The antiproliferative and apoptotic effects of scFv-I was significantly higher than scFv-II. However, no significant difference between gene expression reductions induced by these two antibodies was detected. As shown in Fig. 1B, scFv-I was selected against a peptide designed from an extracellular domain near PAM group, an important domain participating in the interaction of Wnt ligands and FZD receptors. This is confirmed by conservation analysis showing that almost all parts of this sequence is conserved [28]. It is reported that Wnt signaling pathway is deactivated by eliminating PAM moiety [41]. Therefore, scFv-I which is selected against a sequence near this group might interfere with interaction of FZD-Wnt more efficiently than scFv-II.
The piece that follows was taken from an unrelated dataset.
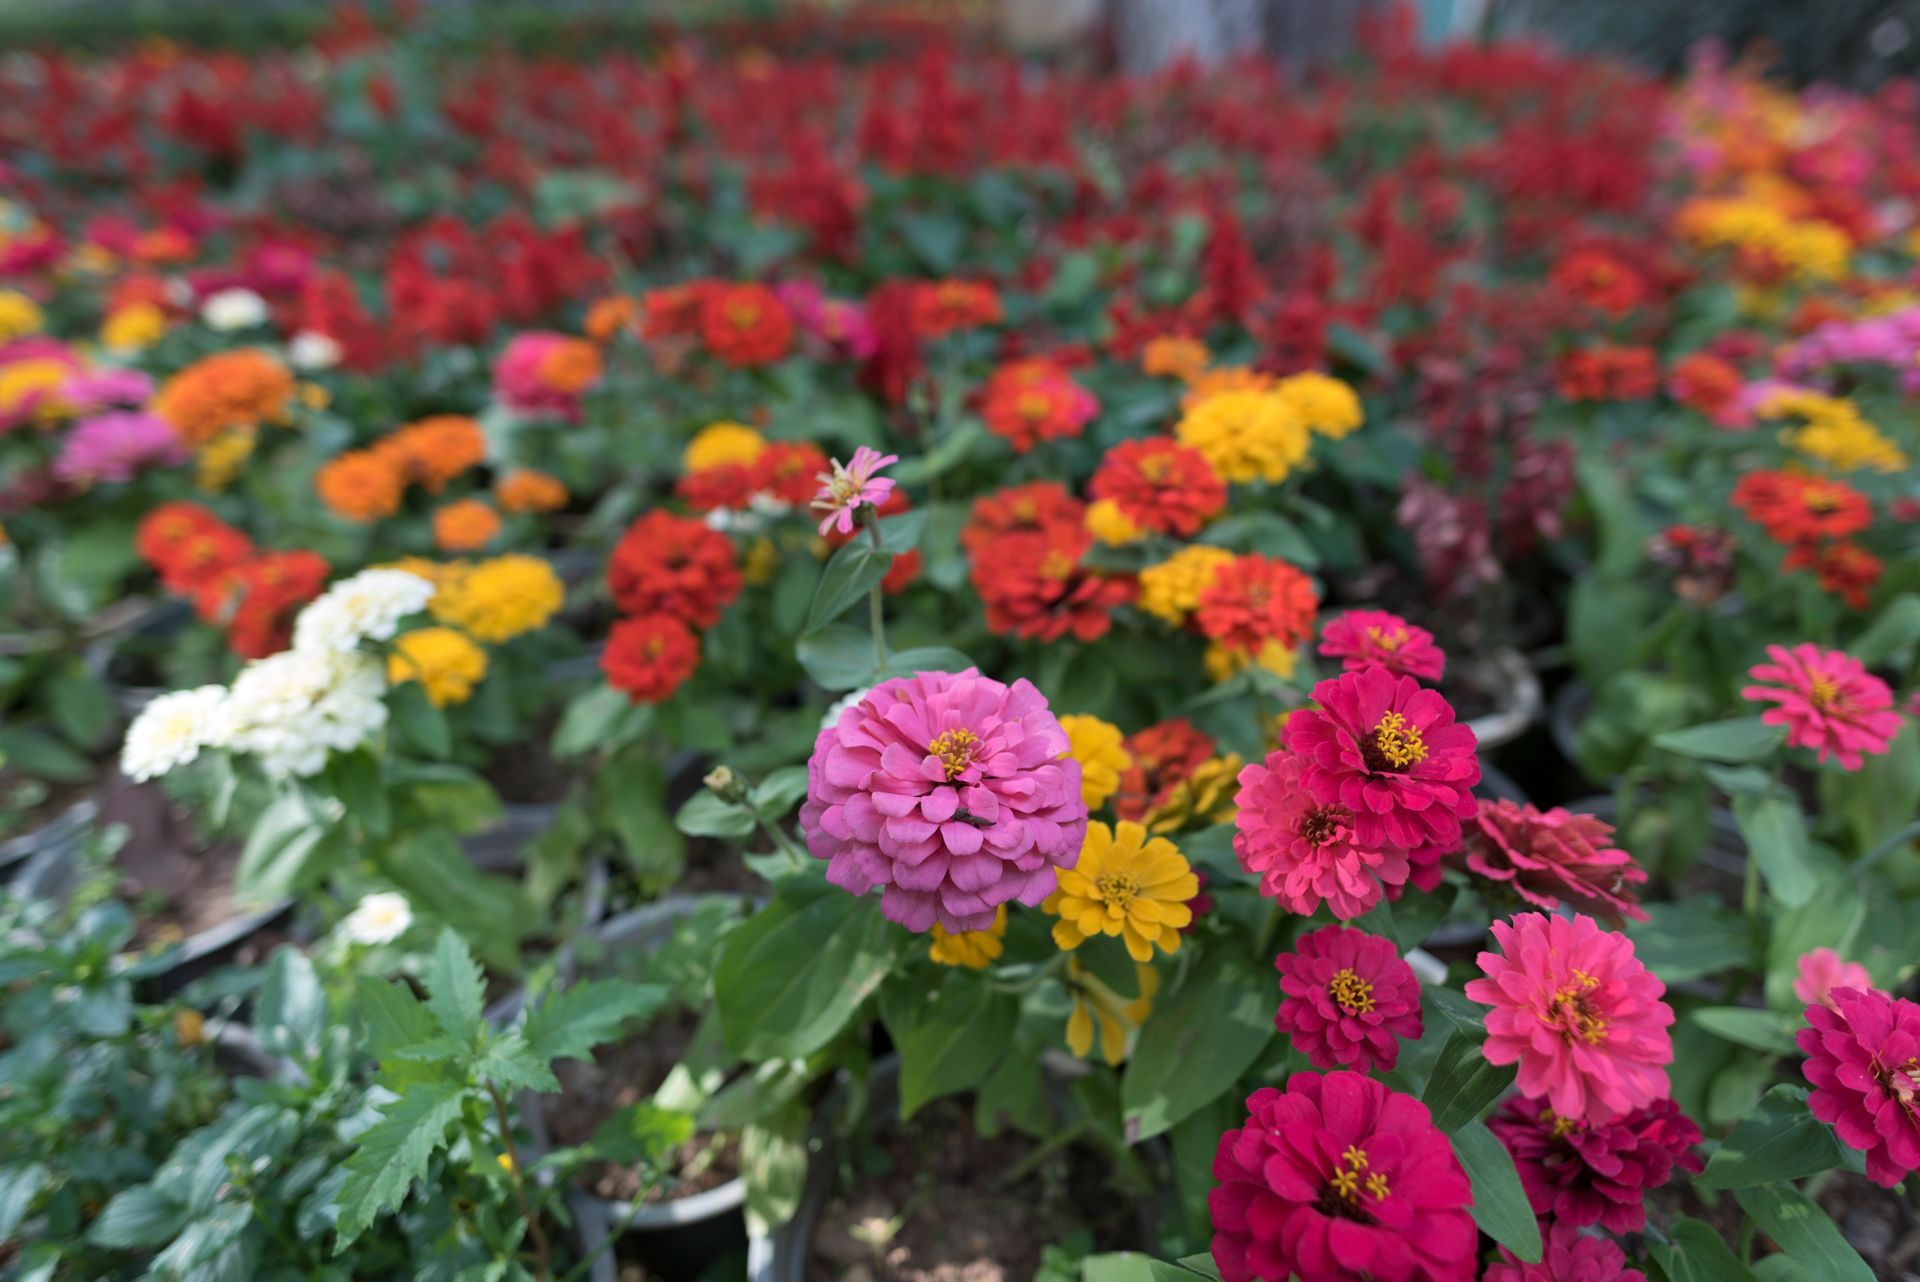 A field of colorful zinnias
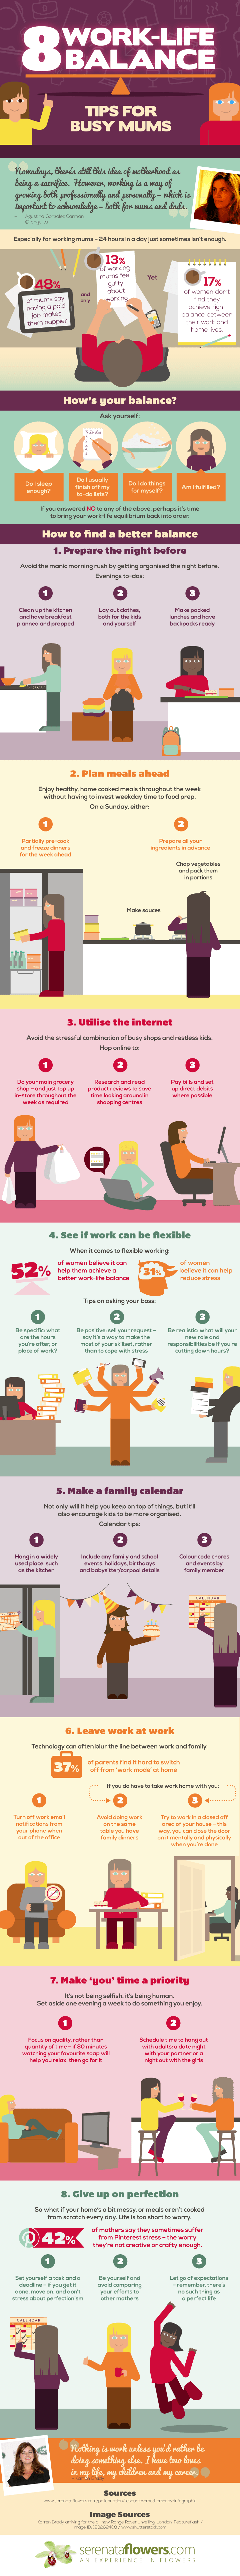 8 Work-Life Balance Tips for Busy Mums Infographic

Modern immunotherapy of cancer relies on direct suppressing of over-activated signaling pathways, most specifically those that are tightly related to uncontrolled proliferation of cells. Bioinformatic techniques has greatly advanced the process of targeting specific sites of signaling molecules through providing a comprehensive insight into the structure of targets [42]. In this study, specific anti-FZD7 scFvs were selected by applying immunodominant epitopes of FZD7 designed by molecular modeling. The results suggest that inhibition of Wnt signaling is an effective strategy to inhibit proliferation and induce apoptosis of cancer cells. Among different approaches that can be used for this purpose, single chain antibodies have many advantages. No HAMA (human antimouse antibody) reaction, deeply penetration in tumor cells and ability for genetic manipulation provides additional effector functions that make these recombinant antibodies attractive for clinical use. The inhibitory effects of the selected antibodies confirm that bioinformatic approach was able to effectively screen potential epitopes of FZD7 protein and suggest that epitope designing by bioinformatic methods could contribute to the selection of key antigens for cancer immunotherapy. The anti-FZD7 scFv-I with high antiproliferative and apoptotic effects offer a new promising treatment strategy for cancers overexpressing FZD7 receptor including triple negative breast cancer.